It is mid-day Saturday and the Carter-Finley Stadium parking lots sit barren. The only things disturbing the grass are an occasional bird and a soft breeze. Although the atmosphere hints toward an uneventful day — it isn’t — it is the first day of the 2006 football season.
The familiar crowd of fans up since dawn, covered head to toe in red paint, chugging beer and playing games is nowhere to be seen. The smell of roasting pigs, grilled hot dogs and bratwurst that choked the air in these lots during game days years ago are nowhere to be found.
The strictly enforced restrictions placed on tailgaters as a reaction to a tailgate shooting almost two years ago have delayed this game-day atmosphere until just hours before kickoff.
The University-induced policies ended the tradition of all-day tailgating by permitting fans into the parking lots just four hours before the game and disallowing kegs and loud music.
Many fans who strive for that atmosphere have found ways around the rules by tailgating in other areas. The large grass field on the corner of Hillsborough Street and Blue Ridge Road began filling up much earlier than the stadium lots.
“We came here because we can come out here at eight in the morning if we want to,” Liz Groff, a senior in communication, said. “If you want to tailgate early, you will tailgate — just not near Carter-Finley Stadium.”
Students from Appalachian State University, such as Drew Aaron, a junior in business management, and Zack Scott, a senior in exercise science, experienced a different tailgating atmosphere than they are used to.
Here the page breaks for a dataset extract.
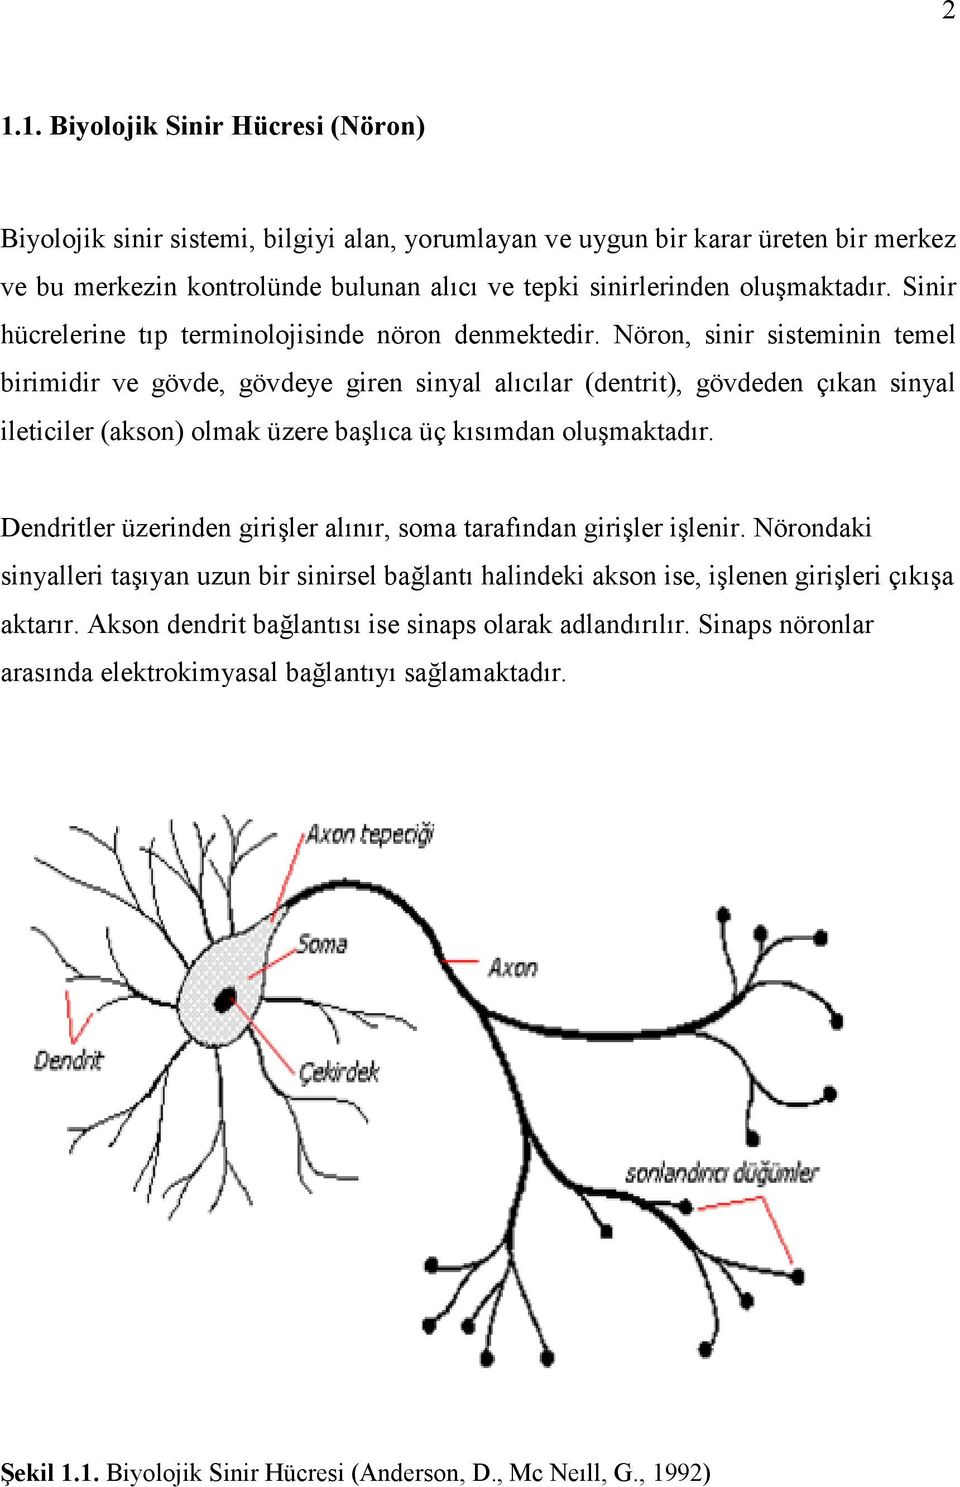 Nöron, sinir sisteminin temel birimidir ve gövde, gövdeye giren sinyal alıcılar (dentrit), gövdeden çıkan sinyal ileticiler (akson) olmak üzere başlıca üç kısımdan oluşmaktadır.

“N.C. State has so many rules,” Aaron said. “App. State has no rules.”
Scott agreed with Aaron, saying he couldn’t figure out why kegs weren’t allowed.
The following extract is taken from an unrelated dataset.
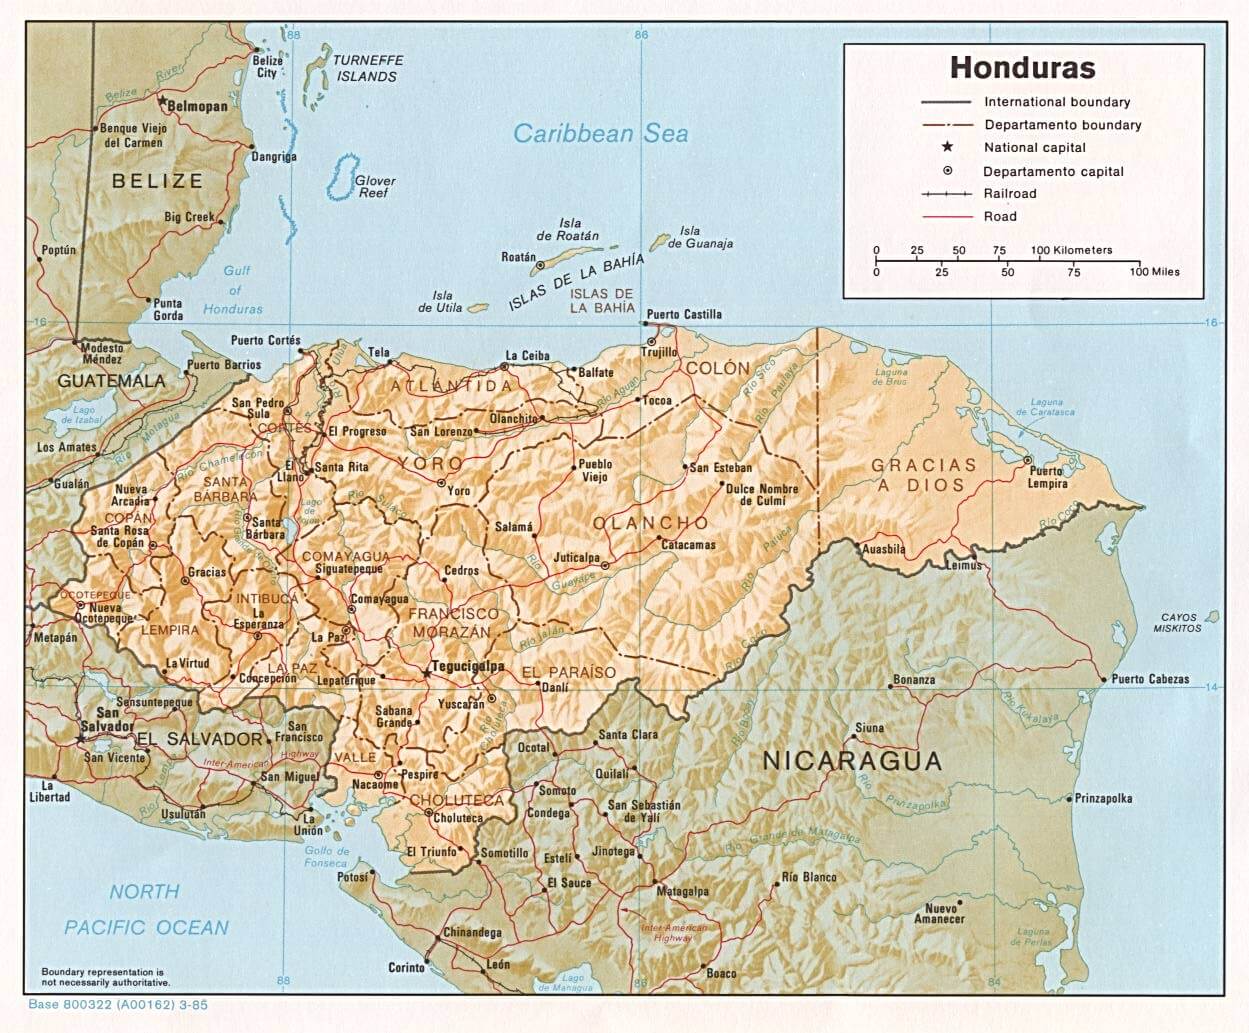 honduras beschattet linderung karte 1985

“If you can sit here and drink a beer, why can’t you have a keg?” Scott added.
Reed Johnson, a junior in sports management, has tailgated with Aaron and Scott in both Raleigh and Boone.
“I enjoyed the game at Appalachian State more than I did here,” Johnson said.
Another reason fans had trouble tailgating was the lack of parking permits handed out and the lack of outdoor toilets provided throughout the parking lots.
Lines began to stretch at the few outdoor toilets scattered over the lots, creating problems for fans like Sarah Maness, a sophomore in biological sciences, who was waiting in line for the bathroom.
“We’ve been waiting here a long time,” Maness said, “At least half an hour.”
One of the parking lots closest to the stadium on the fairground side of Trinity Road was not even half full two hours before kickoff. Fans that didn’t get parking passes were left to tailgate away from the stadium.
Corey Gooden, a senior in paper science, who received a pass, expressed his lack of understanding for the parking pass situation.
“We got a whole lot of empty [spaces] and nobody got parking passes,” Gooden said.